| DESCRIPTION OF THE TASK |
Copy exactly the lines of the records below, and only those lines, beginning with the line that contains "Hengelo, Pays-Bas. 26" and ending with the line that contains "04765 / FDC".

| ENTRIES SUPPLIED |
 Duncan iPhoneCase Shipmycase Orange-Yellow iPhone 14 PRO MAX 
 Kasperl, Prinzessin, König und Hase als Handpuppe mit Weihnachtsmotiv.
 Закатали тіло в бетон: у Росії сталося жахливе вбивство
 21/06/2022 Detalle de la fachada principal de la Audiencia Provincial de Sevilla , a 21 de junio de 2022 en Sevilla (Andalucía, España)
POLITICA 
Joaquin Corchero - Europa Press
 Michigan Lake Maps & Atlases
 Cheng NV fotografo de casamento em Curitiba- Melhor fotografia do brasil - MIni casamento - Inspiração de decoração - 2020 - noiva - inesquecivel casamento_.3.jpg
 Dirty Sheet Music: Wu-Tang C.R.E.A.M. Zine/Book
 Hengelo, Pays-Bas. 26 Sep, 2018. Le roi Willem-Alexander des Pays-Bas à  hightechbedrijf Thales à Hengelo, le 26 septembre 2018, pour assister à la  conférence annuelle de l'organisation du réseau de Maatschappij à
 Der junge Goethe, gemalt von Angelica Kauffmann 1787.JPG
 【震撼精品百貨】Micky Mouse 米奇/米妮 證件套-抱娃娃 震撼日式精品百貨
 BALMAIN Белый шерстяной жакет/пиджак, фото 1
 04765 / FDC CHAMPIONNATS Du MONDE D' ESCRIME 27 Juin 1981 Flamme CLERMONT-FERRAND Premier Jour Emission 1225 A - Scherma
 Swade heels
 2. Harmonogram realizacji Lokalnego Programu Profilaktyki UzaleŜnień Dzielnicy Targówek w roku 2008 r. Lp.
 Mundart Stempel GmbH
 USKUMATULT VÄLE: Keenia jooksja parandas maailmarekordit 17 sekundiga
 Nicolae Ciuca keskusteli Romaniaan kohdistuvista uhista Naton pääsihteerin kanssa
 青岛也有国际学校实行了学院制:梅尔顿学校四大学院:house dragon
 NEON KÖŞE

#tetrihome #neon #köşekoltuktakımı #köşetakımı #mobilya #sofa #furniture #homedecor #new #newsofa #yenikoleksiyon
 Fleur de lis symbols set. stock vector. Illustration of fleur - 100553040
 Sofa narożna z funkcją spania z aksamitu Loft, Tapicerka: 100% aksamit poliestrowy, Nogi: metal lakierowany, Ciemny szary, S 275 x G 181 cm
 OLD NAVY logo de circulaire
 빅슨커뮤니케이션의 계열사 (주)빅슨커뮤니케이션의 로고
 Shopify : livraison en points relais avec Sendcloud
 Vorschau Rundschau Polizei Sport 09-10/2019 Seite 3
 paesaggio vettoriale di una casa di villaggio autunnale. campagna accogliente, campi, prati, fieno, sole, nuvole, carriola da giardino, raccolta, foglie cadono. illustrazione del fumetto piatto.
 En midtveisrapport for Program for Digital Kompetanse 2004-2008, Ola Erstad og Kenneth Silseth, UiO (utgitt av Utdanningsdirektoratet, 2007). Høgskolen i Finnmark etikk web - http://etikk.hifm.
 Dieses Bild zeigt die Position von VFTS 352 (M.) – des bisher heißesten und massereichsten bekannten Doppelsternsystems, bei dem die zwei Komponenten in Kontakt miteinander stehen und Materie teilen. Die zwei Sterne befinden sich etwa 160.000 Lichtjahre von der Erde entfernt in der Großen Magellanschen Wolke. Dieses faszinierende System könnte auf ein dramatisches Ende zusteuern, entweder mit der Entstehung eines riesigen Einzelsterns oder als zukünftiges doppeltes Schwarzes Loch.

| SOLUTION |
 Hengelo, Pays-Bas. 26 Sep, 2018. Le roi Willem-Alexander des Pays-Bas à  hightechbedrijf Thales à Hengelo, le 26 septembre 2018, pour assister à la  conférence annuelle de l'organisation du réseau de Maatschappij à
 Der junge Goethe, gemalt von Angelica Kauffmann 1787.JPG
 【震撼精品百貨】Micky Mouse 米奇/米妮 證件套-抱娃娃 震撼日式精品百貨
 BALMAIN Белый шерстяной жакет/пиджак, фото 1
 04765 / FDC CHAMPIONNATS Du MONDE D' ESCRIME 27 Juin 1981 Flamme CLERMONT-FERRAND Premier Jour Emission 1225 A - Scherma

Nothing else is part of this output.